SIGHTINGS is located on the ground floor of the Hall Building at 1455 De Maisonneuve Blvd. West and is accessible weekdays and weekends from 7 am to 11 pm.

SIGHTINGS 25
Safety Orange
Sheena Hoszko. Courtesy of the artist
Sheena Hoszko. Safety Orange: 2,864,751,589 of these orange cubes fit in the area of Greater Montreal. Installation view. Photo: Anne-Marie Trépanier
Sheena Hoszko. Courtesy of the artist
Sheena Hoszko. Safety Orange: 2,864,751,589 of these orange cubes fit in the area of Greater Montreal. Installation view. Photo: Anne-Marie Trépanier
Open

September 26, 2018 – January 13, 2019

Safety Orange: 2,864,751,589 of these orange cubes fit in the area of Greater Montreal

A project by Sheena Hoszko

During the construction holiday, the city of Montreal goes silent. The last two weeks of July are a relief. No jackhammers or that signature backup beep-beep-beep of trucks reversing. When the reprieve ends, it’s back to a video game of cars and bikes swerving, detour signs pointing down blocked alleys, and roads ending without warning.

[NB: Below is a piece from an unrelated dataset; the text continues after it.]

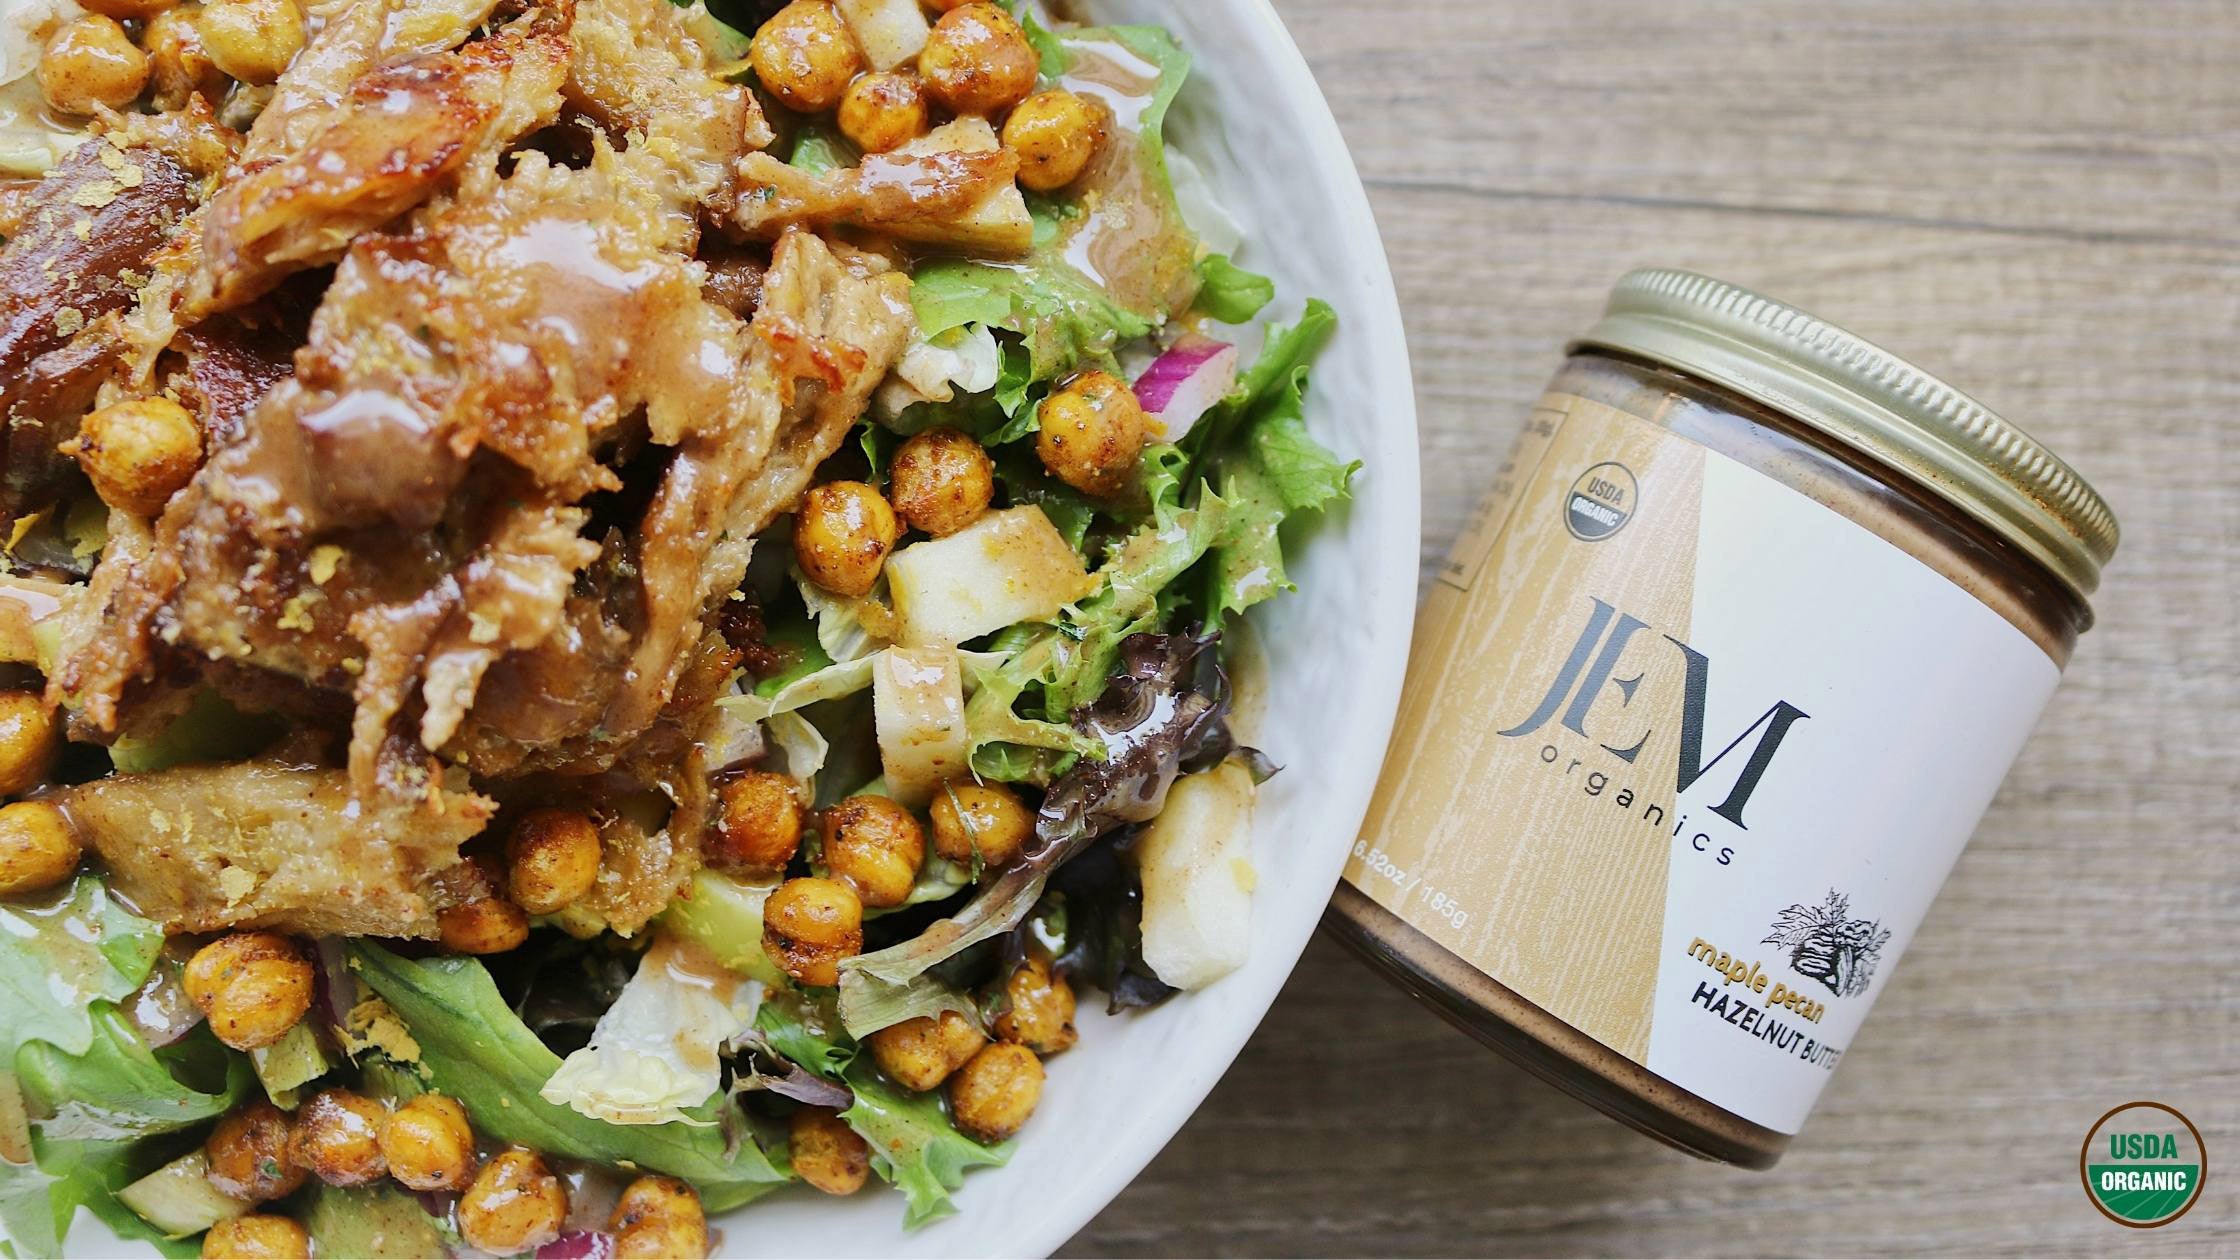 Salad topped with chickpeas, seitan and maple pecan dressing

I have no sense of direction or orientation when I move through a landscape. What I can differentiate is scale. A is half the size of B; C and D are as far apart as E. I then often forget Y but that’s fine. I’m sure my rapport with scale is part of why I like large-scale sculpture. I like to call it “big breath art” — it gets in my lungs and expands and slows me down, softly, like a weighted blanket.

I’m wary of scale too. As a sculptor, so much of what I am trained in constructs and destroys in its process of creation. Think of all the garbage that artists put into the world. That big breath feeling continues to be harnessed for state propaganda, to overwhelm and subdue.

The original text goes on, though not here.